Grand Staircase-Escalante Natl Monument |
The rangers say that most of these layers, long buried but later exposed when the “reef” thrust itself up into the sky eons ago, were witness to the dinosaurs. That means the dinosaurs were here – alive on the earth – for a very long time. The fact they are now gone leaves us with the impression that they weren’t successful here, but these rocks say otherwise. We homo-sapien-sapiens should survive as long.
The shadows of the afternoon clouds create a drama of alternating dark and sunlight on the rocks towering over my head and stretching off into the distance. The “Capitol Reef” (or Waterpocket Fold) is over 100 miles long. On an NPS informational plaque I learn that early prospectors were often former seamen and with their nautical frame of reference, they called any landform impediment to their passage a “reef.” In this case, the light grey or white Navajo Sandstone formations that intermittently cap the reef have eroded into the shape of domes (like the Capitol dome in Washington, D.C.) – hence “Capitol Reef.”
The Capitol Reef |
I often find myself giving advice to other travelers on how they can get through many miles on a road trip, as if driving were the point instead of the means. I do this myself. My natural inclination is to drive -- I love to drive -- as far as I can in an allotted span of days. On this day, the fact that I am sitting beside the road in Utah soaking up this view is the result of several unwanted, but afterward deemed fortuitous, errors.

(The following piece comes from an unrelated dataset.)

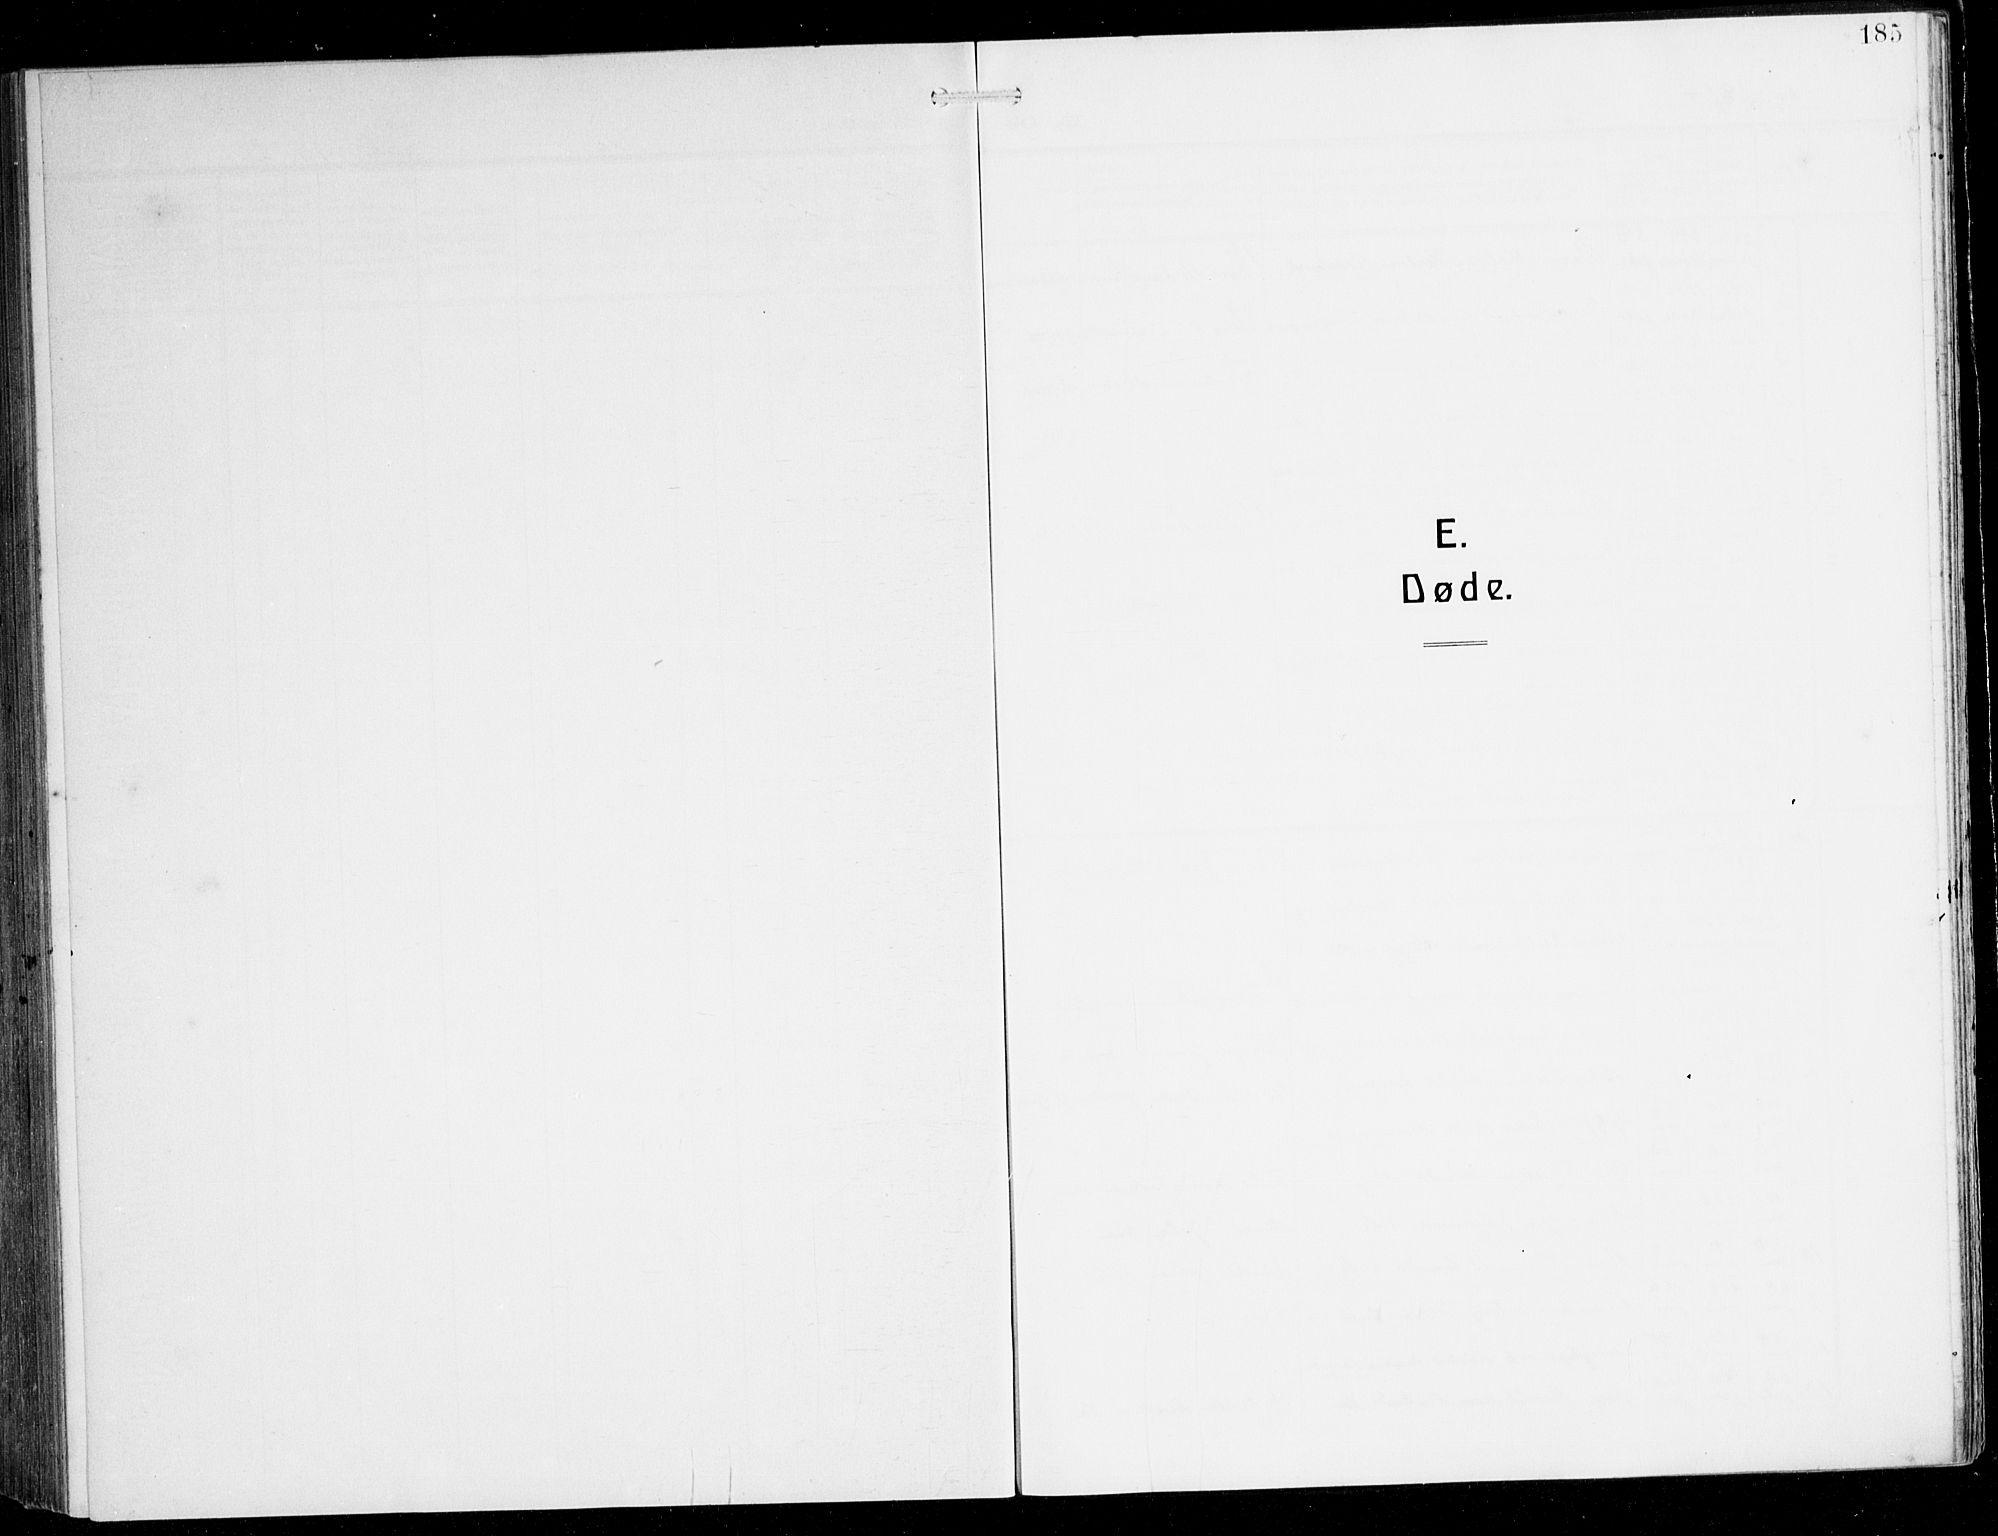 SAB, Herdla Sokneprestembete, H/Hab: Klokkerbok nr. C 2, 1913-1926, s. 185

First, this was supposed to be a motorcycle ride; instead, I am traveling in a pick-up. My motorcycle is being held hostage by a mechanic who failed to order a part which is now being “shipped” from somewhere far away. Second, my first road trip day began in a too-leisurely way; I didn’t get on my way from Phoenix until noon. Then, I discovered that a portion of my first day’s route was a graded dirt road, 46 miles long. It was a road I was not willing to forego and which took almost three hours to navigate (to see the Grosvenor Double-Arch). Therefore, I arrived at my destination in Torrey, Utah, very late -- ending any possibility of exploring Capitol Reef National Park that evening. This snowballed into further delay the next day.
Grosvenor Arch |
The next morning, over breakfast at the Capitol Reef Inn in Torrey, I consider my options. I had had plans for this day, but I had driven State Route 12 the evening before in the dark. SR12 is a magnificent road, worth seeing. Built by the Civilian Conservation Corps in the 1930s, it connected the then still isolated town of Boulder to the world, via the "hog-back" -- a ridged escarpment with stunning drop-offs and scenery on both sides -- you drive atop the "spine" of the hog's back with hair-raising precipices on both sides.

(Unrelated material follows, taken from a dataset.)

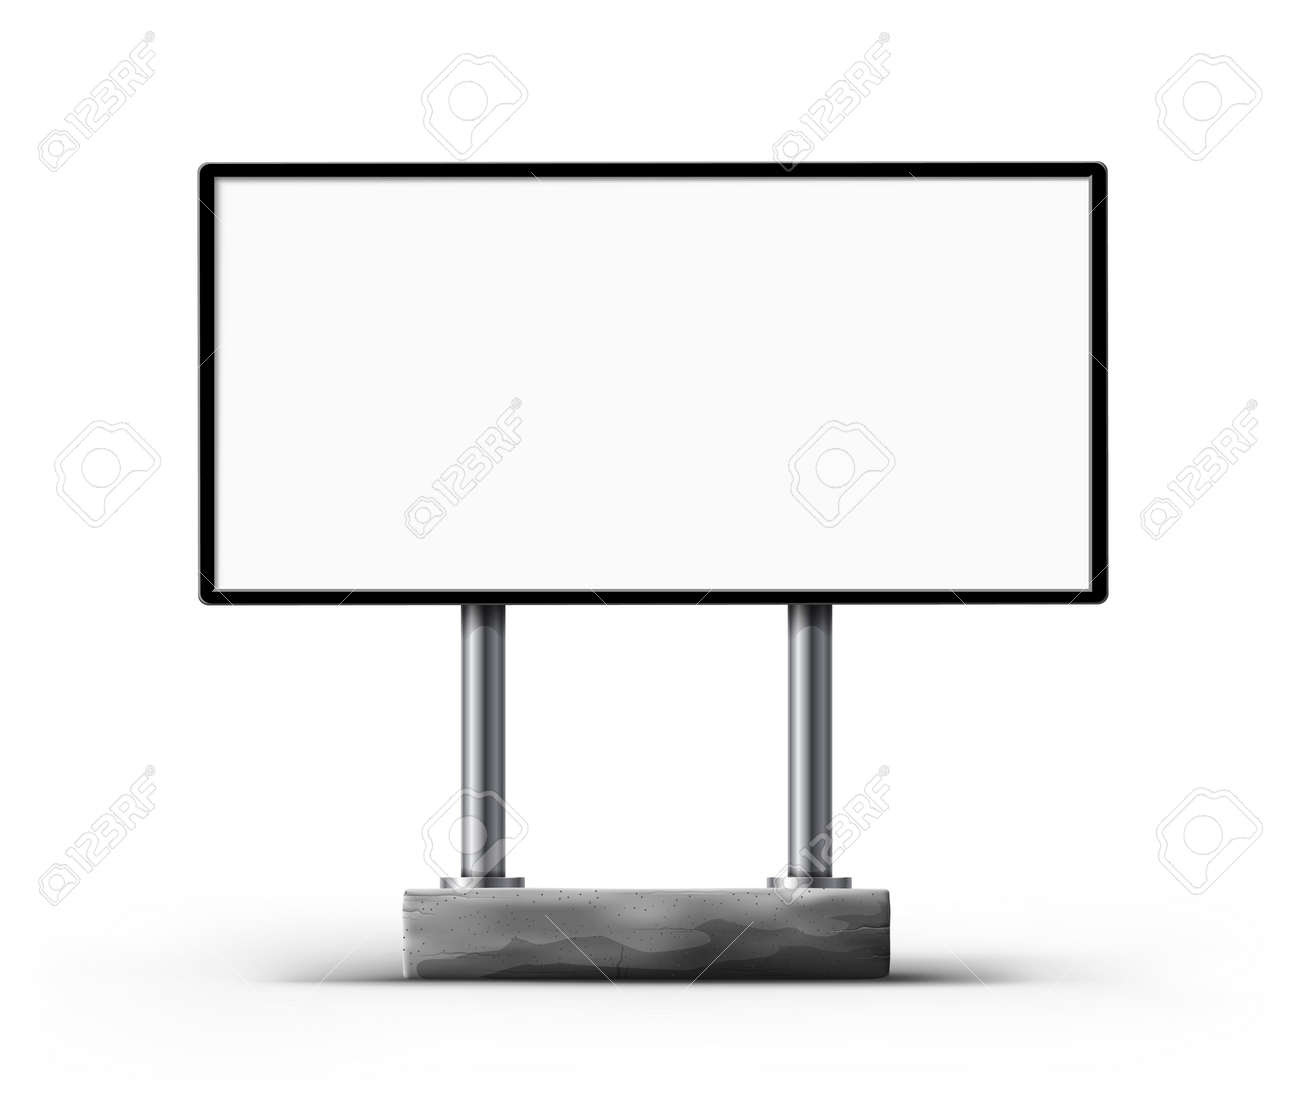 Blank Street Billboard Template For Outdoor Advertisment Design ...

Continuing on according to the original plan and driving through some combination of the San Rafael Swell (or Reef), Arches National Park, Canyonlands National Park, Valley of the Gods, Natural Bridges State Park and Monument Valley meant I would miss the scenic beauty of State Route 12 and the hog-back in daylight, plus I’d be assured not to see any of those other places either; those that I could get through at all in one day would be nothing but a blur at seventy miles per hour or more.

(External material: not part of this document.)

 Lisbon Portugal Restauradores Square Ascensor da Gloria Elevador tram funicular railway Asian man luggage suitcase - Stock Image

Instead, I decide, I will take my time at Capitol Reef, and then retrace my route and “mosey” back down SR12 through the Grand Staircase/Escalante National Monument. I will perhaps see a little of Bryce Canyon National Park at sunset before heading south to Kanab for the night. Remembering earlier very pleasant experiences with moseying, I toss the original high speed plan and choose moseying for this day.
Near Park Headquarters |
So I sit beside the road soaking up this place. This is a luxury. I recommend doing this solo if you can. It is a brilliant thing to be alone with your thoughts in a place like this, where the grandeur of creation wraps around you with tangible warmth. I have spent the past several hours on a round trip of a mere ten and a half miles of National Park Service roadway. The rest of the plan can wait, even the abbreviated one I have settled on for today. I drive a little. I stop to take a photo or two. I write some. I stay a little longer. I pick fresh fruit off the orchard trees within the Park. I won’t make it to Bryce Canyon today.